Anyways, this post was not to be about the issue itself, as Christer has done a neat analysis and write-up of that, but I’ll give a more detailed look at the issue within the GIF file itself. As chance would have it, I recently participated in a competition at the norwegian demoscene IRC hangout where the goal was to recreate the norwegian flag in an HTML page in the smallest space possible. This ended up being a competition to see who could molest and optimize GIF images the most, while browsers still were able to display them. From this experience I had a quite good knowledge of how GIF files are built internally, and I were able to do a good guess of what could be the actual issue in the resulting file.

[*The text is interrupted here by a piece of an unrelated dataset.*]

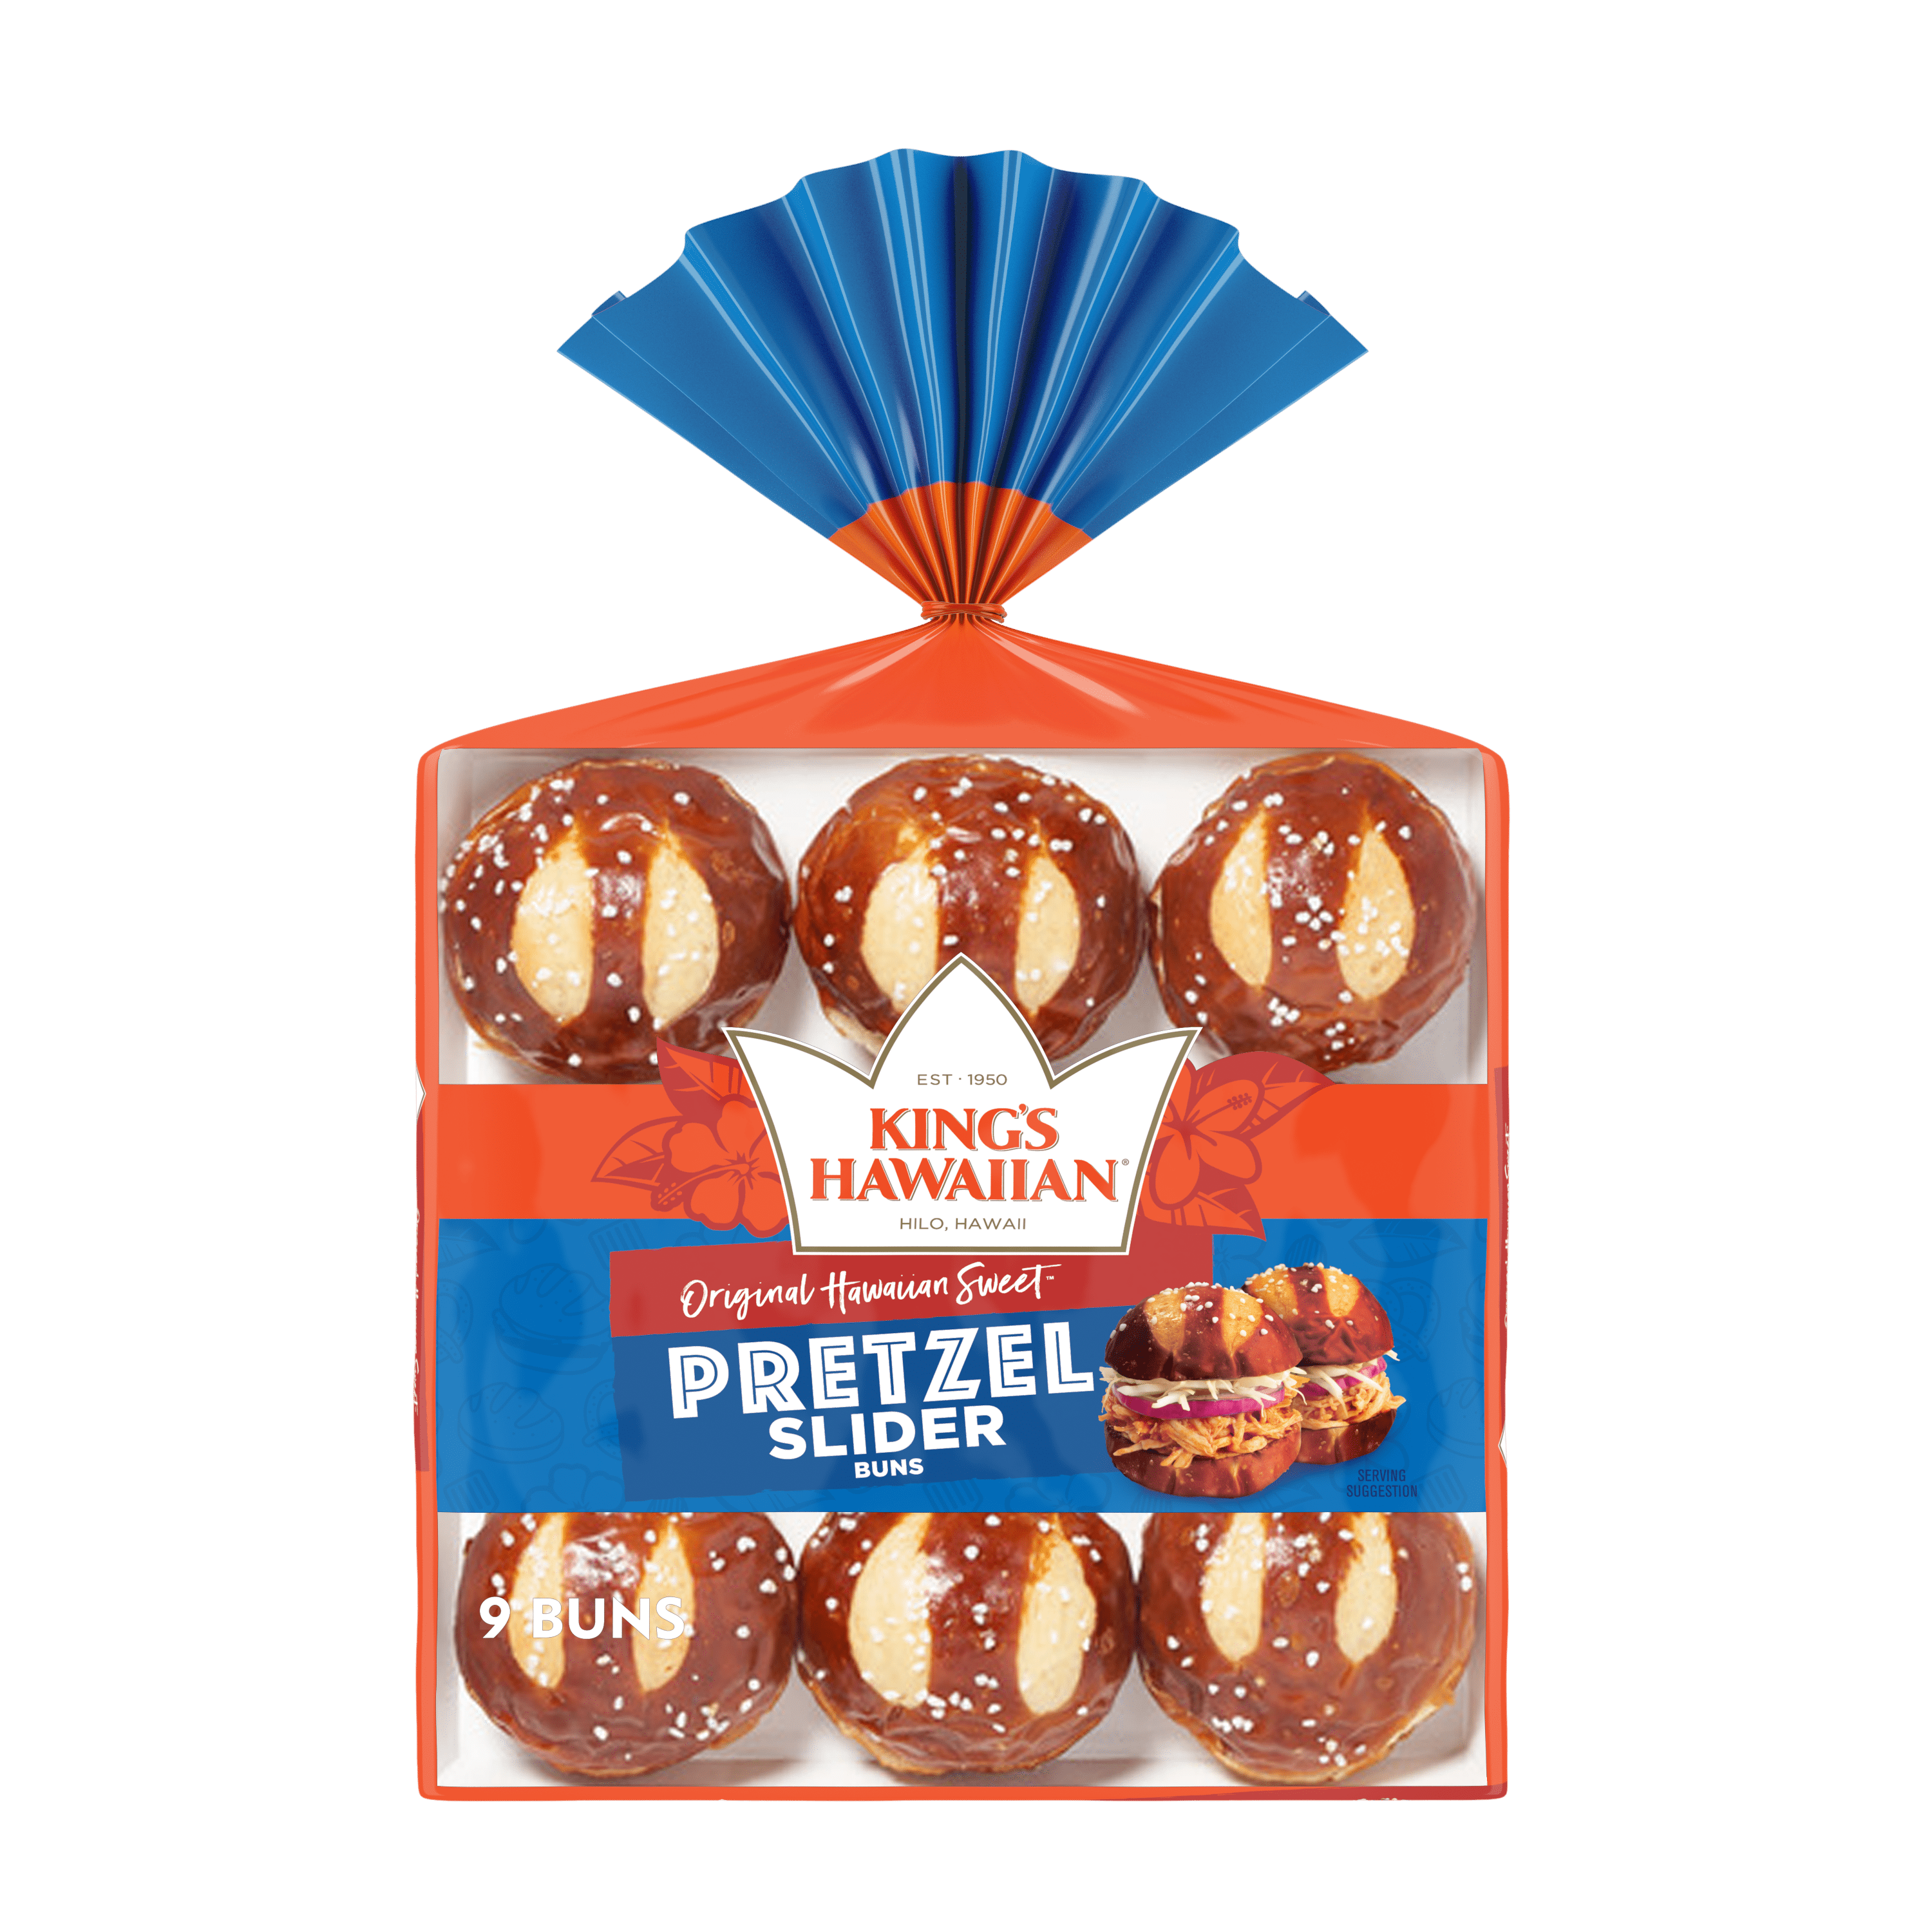 King's Hawaiian Original Hawaiian Sweet Pretzel Pre-Sliced Slider Buns, 9 ct

Since GIF files can be animated, a single file may contain several “images” (which would be the frames in the animation). These images can have their own size and position within the “larger image”:

 _________
| im1     |
|    _____|
|   |     |
|   | im2 |
|___|_____|

im1 may then represent the first image and im2 the second image in the file. The second image will only update the area that it covers, and this will leave the rest of the image “as it is”. Since a GIF image may contain a large number of these images, a “global” size is defined for the image. This global size covers all the images, and is the total area that these images will be drawn into. If an image is drawn outside of this area (in part or whole), it will be clipped against the viewport.

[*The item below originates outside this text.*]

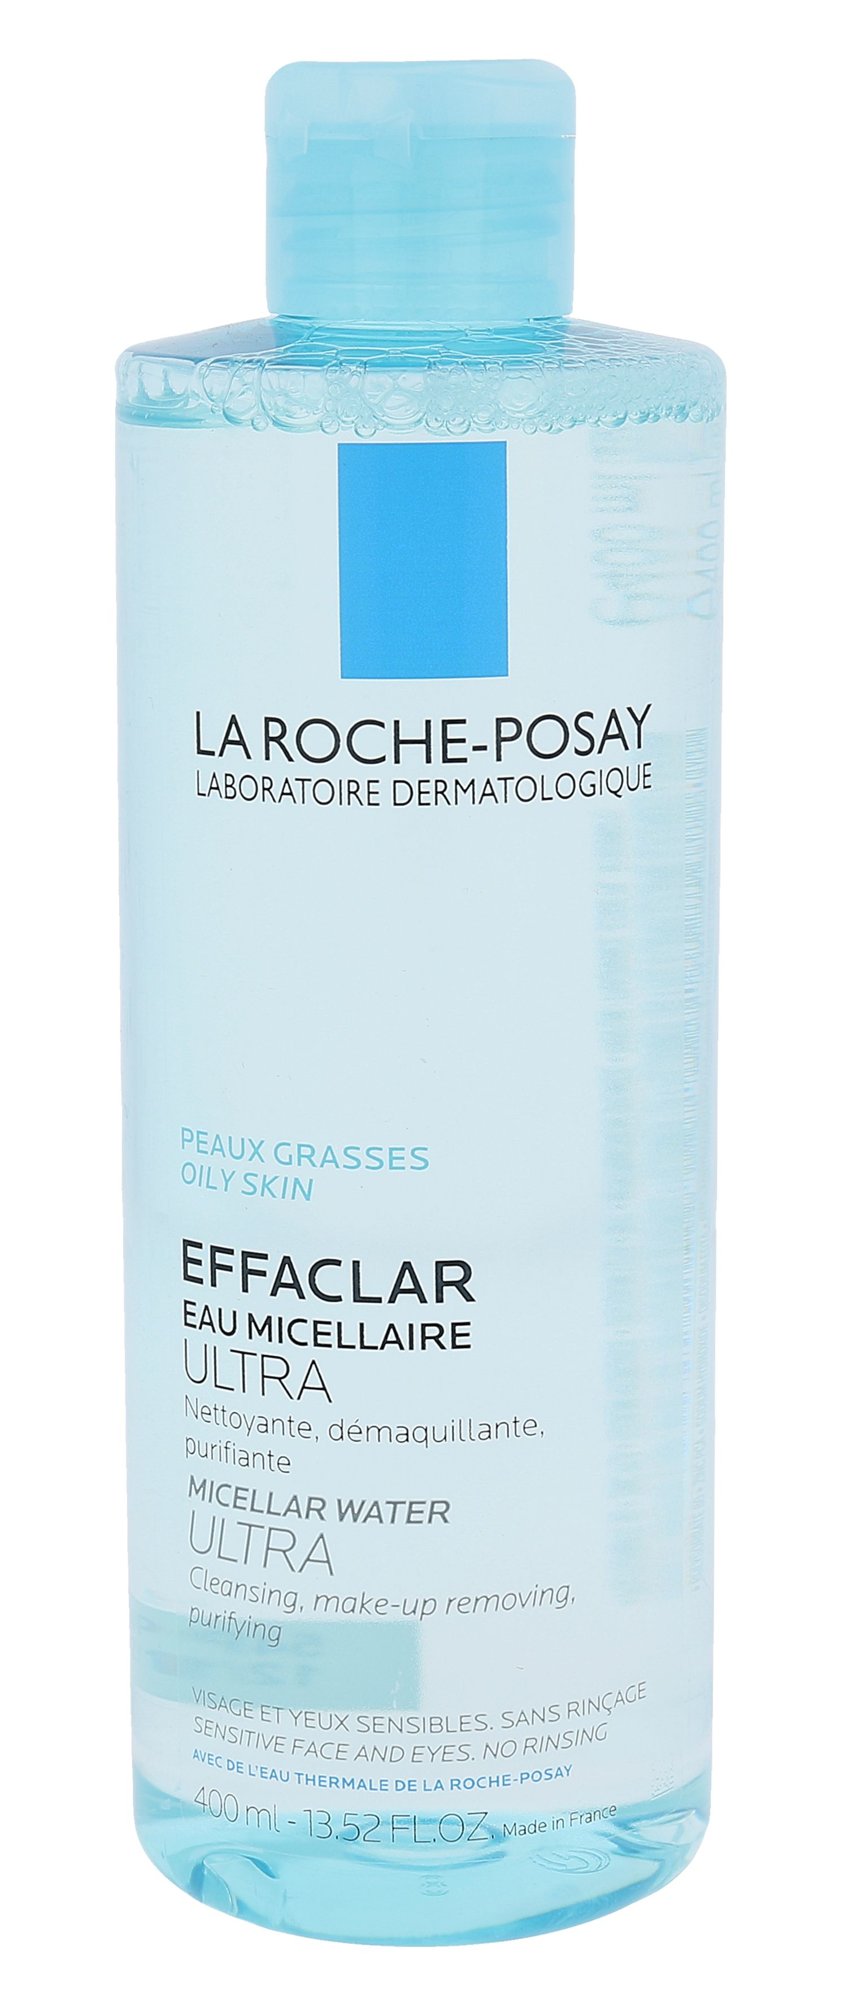 La Roche-Posay Effaclar Purifying Micellar Water

This should provide enough background to at least give a general feeling about what COULD be the problem here, but to actually find out what’s happening, we’ll dig into a GIF file format specification and the file that was created. This simple reference provides a general layout of the GIF file, and we’ll use that to take a look at what values the file we ended up with had:

On the left we have the actual byte values in hex and on the right we have the corresponding ASCII character represented by that value. As you can see, the first six bytes of the file (0x47 0x49 0x46 0x38 0x39 0x61 (0x is the general way of prefixing numbers that should be interpreted as hexadecimal)) corresponds to “GIF89a” (You can do this exercise yourself armed with this Ascii Table. Simply look up 47 in the Hx column, then 49, etc). Those six bytes are what we call the signature of a GIF file (although the number can be different, i.e. GIF87a, depending on the version used).

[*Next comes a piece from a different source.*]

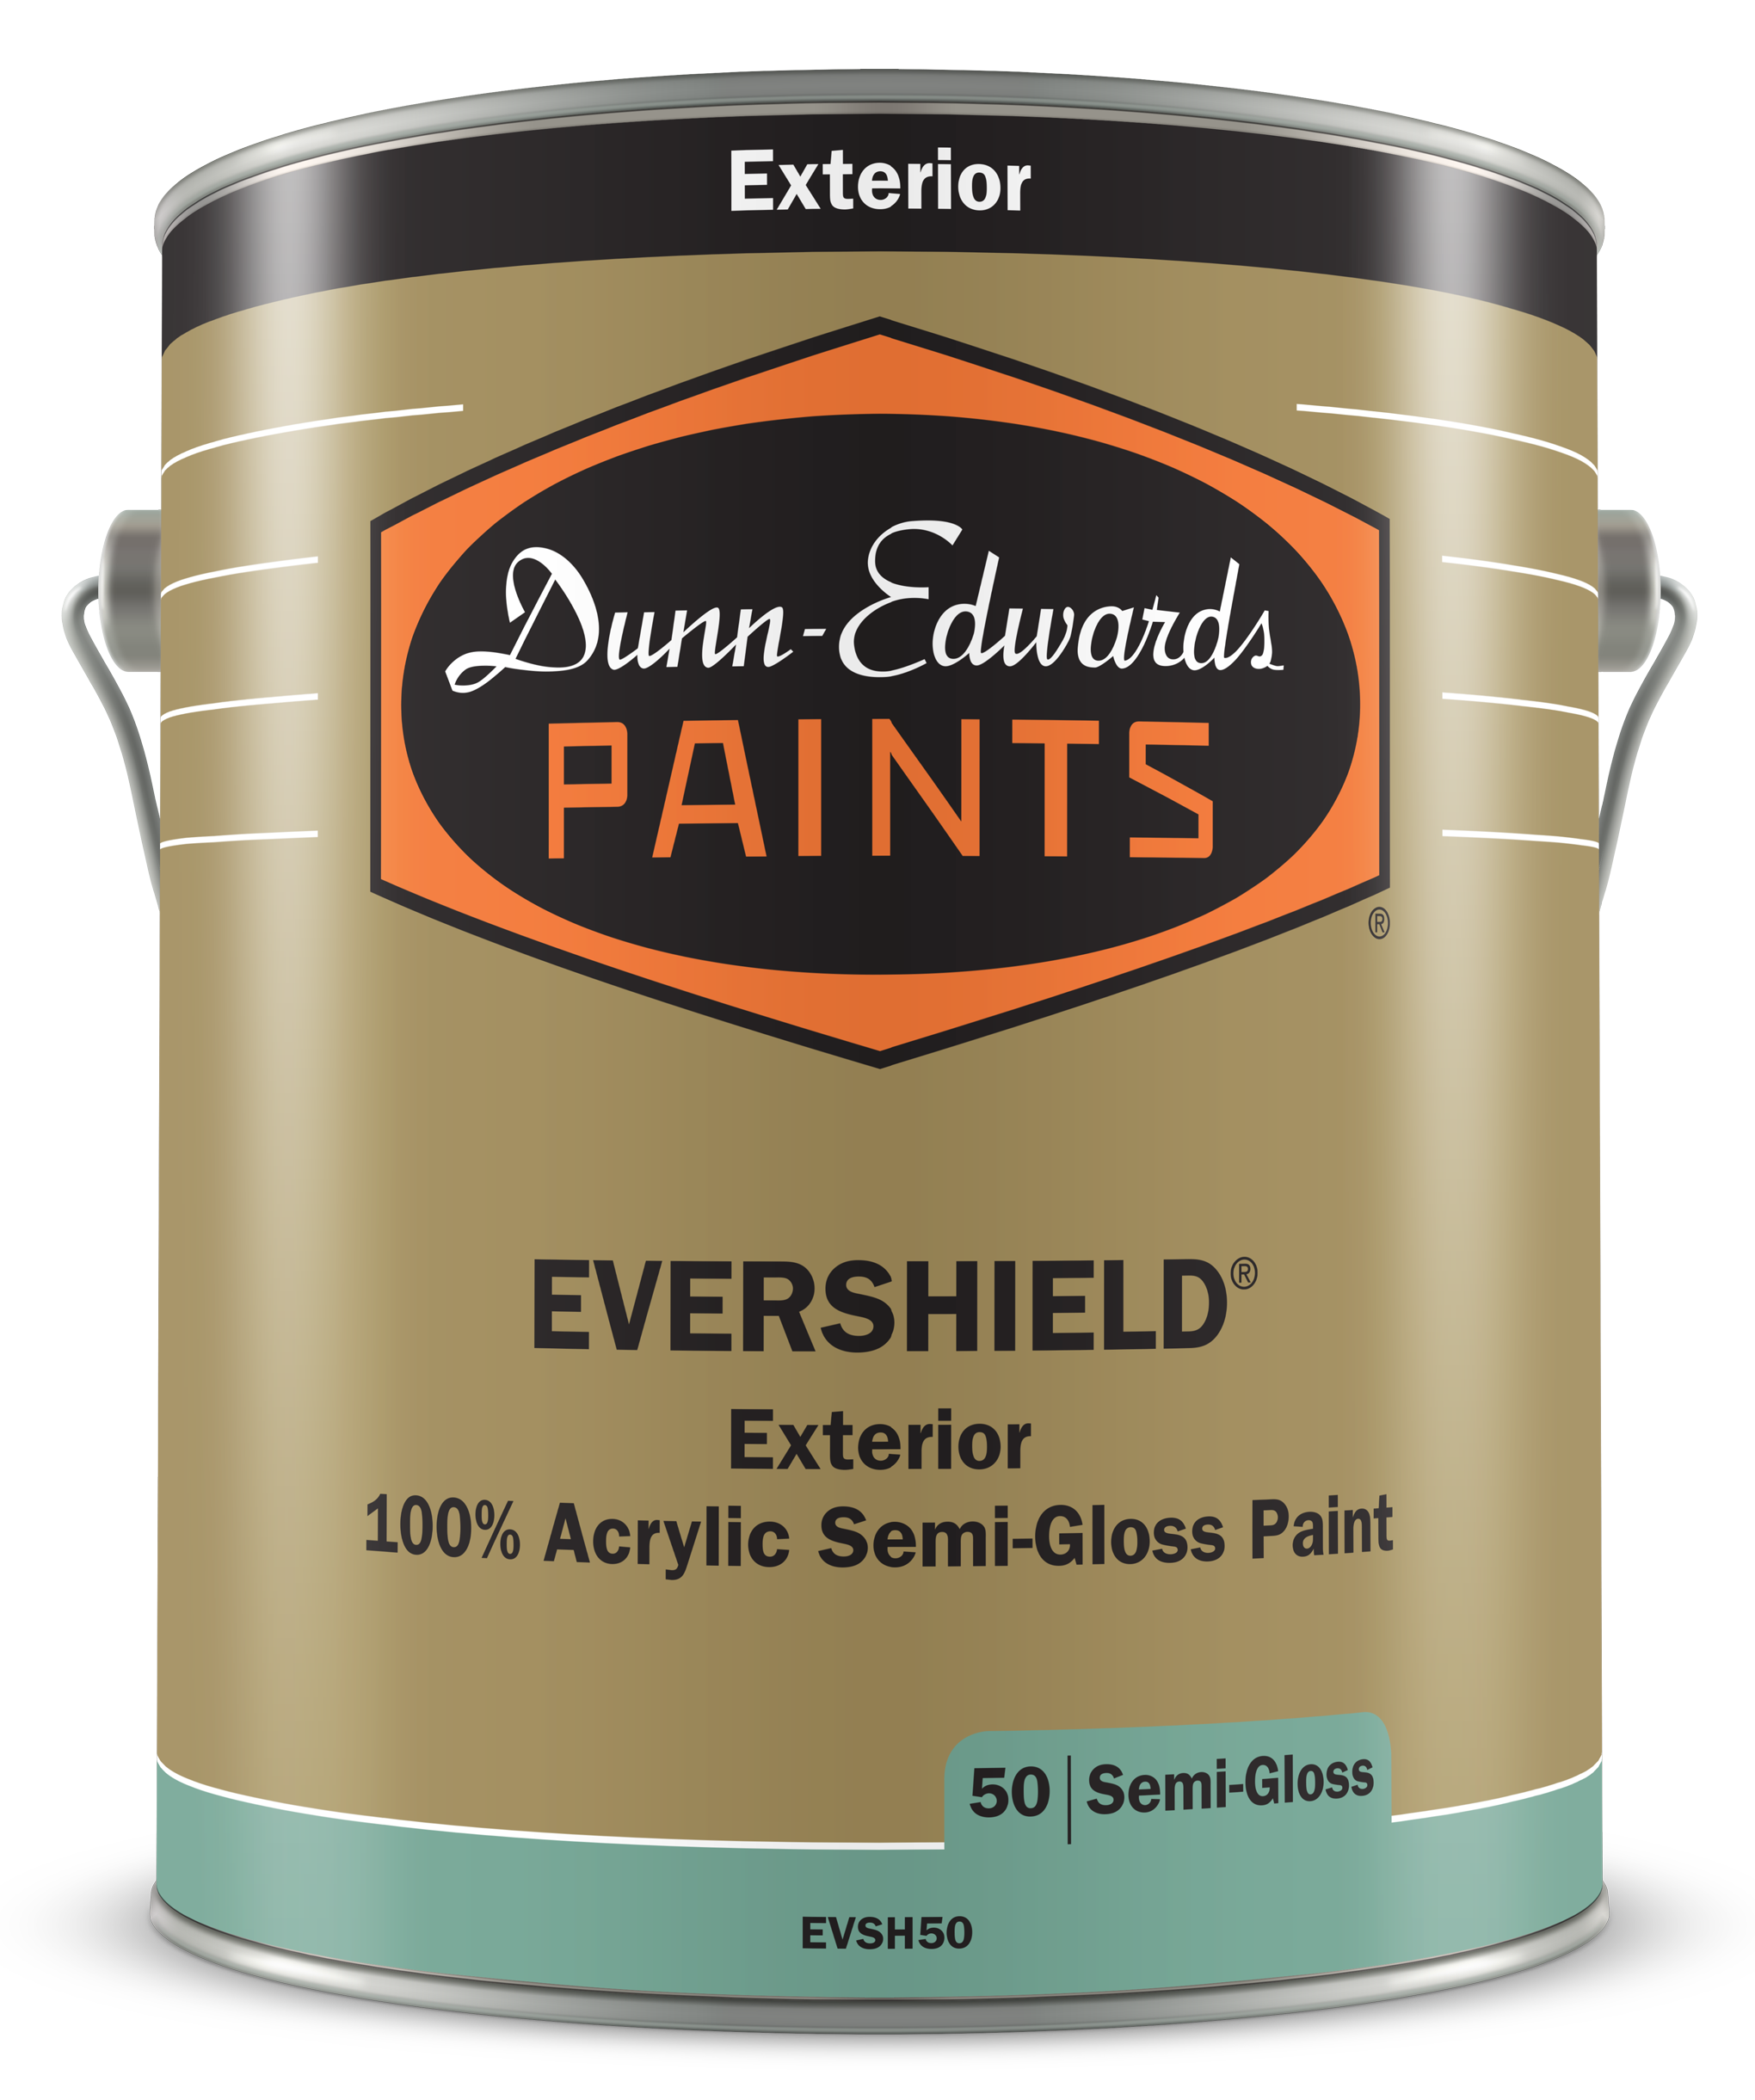 EVERSHIELD Exterior 100% Acrylic Semi-Gloss Paint Can

The next fields in the specification reads:

Offset   Length   Contents
  6      2 bytes  
  8      2 bytes  

So byte 6-7 and byte 8-9 should tell us the logical size of the whole gif file (which the images will be drawn onto). In our test file here, that’s represented as:

Width: 0x67 0x01
Height: 0x70 0x00

The byte order here is Little Endian, which means that the least important values are placed first. Since we have two bytes for each value, we can calculate the decimal value of the width by multiplying:

0x67 0x01 = 6 * 16 + 7 + (0 * 16 + 1) * 256 = 359
                                        ^-- Since we're in the next byte, we multiply with 256.

You can also do this with the windows calculator, by entering 167 while being in hexmode, then selecting dec (for decimal). The reason for multiplying the second byte with 256 is that this byte provides the value of the “next 8 bits”, while the first provided the value for the first 8 bits. If we see the bits themselves:

0x70 | 0x01: 0111 0000 | 0000 0001

Little Endian says that the least significant bits come first, so to get the raw bit values, we turn it around:

0000 0001 0111 0000

As you can see, the value of the second byte (0x01) can be multiplied with 256 (which is the last 8 bits).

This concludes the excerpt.